If such a reform has the potential of bridging the federal budget gap, why has there been such strong push back? The main argument from private equity managers is that taxing carry as income will disincentivize them to grow or acquire portfolio companies, therefore hurting job creation and innovation.
In response to Obama’s proposal, Steve Judge, president of the Private Equity Growth Capital Council said, “Proposals to raise taxes on carried interest have consistently been rejected for over four years because raising taxes on investments would only sideline employers and investors and create further uncertainty in an already struggling economy.”A 2010 study by the Council estimates that higher taxes on carry will decrease investments by $7 billion to $27 billion annually.
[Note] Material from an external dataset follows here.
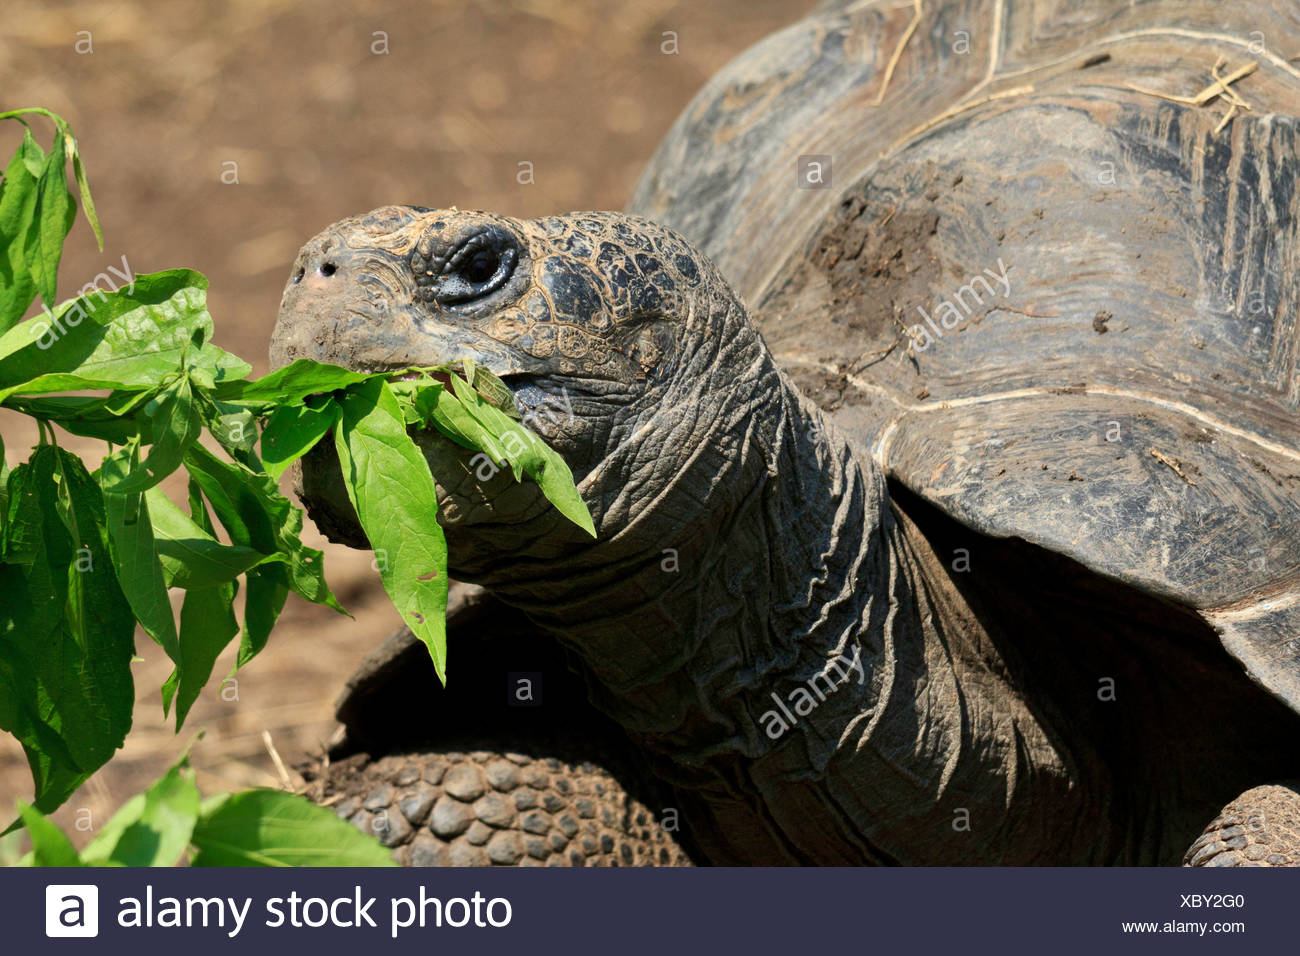 Animalia, Chordata, Dallas Zoo, Galápagos tortoise, geochelone nigra, Giant tortoise, largest living tortoise, reptilia, Testudi - Stock Image

Political ideology also plays a major role in promoting the fight against changing the treatment of carried interest. “We do not have time to waste on political games and pushing big tax increases that will only make our economy weaker for all Americans,” said Sen. Patrick J. Toomey, a member of the deficit reduction special committee, in response to Obama’s proposal. Five republican presidential candidates have already declared their pledge to eliminate capital gains tax.
However, frontrunner Mitt Romney, cofounder of private equity firm Bain Capital, has not made reducing capital gains tax a part of his campaign platform. Even support from the Democrats has been mixed. Timothy M. Kaine, former Democratic National Committee Chairman and former Virginia governor, has publicly opposed capital gains tax hikes.
Even if both sides can agree to heed the call of Buffett, the logistics of carrying out such a reform can be challenging. The IRS will first need to define middle-income family’s earnings and tax rate, which leads to complicated calculations for higher earners when taking itemized and state deductions into consideration. It will also require a more inclusive definition of income. “Writing a Buffett rule into law would require defining income and setting a minimum rate for it,” said Roberton Williams of the Tax Policy Center, “Every time you set up something like this, you’re opening the door for the tax lawyers to come in and get around the attempt to raise revenues.”
Carried interest taxation is, and likely will continue to be, a thorny issue. Warren Buffett’s public stance may have been a nice surprise to some Americans concerned about the deficit, but it has also renewed debate. For readers interested in alternative asset management or Dartmouth seniors heading to the industry after graduation, tax hikes on carried interest will not be the end of private equity or hedge fund investing. But in a fragile economy, it may be wise to keep in mind the worst case scenarios spelled out by fund managers.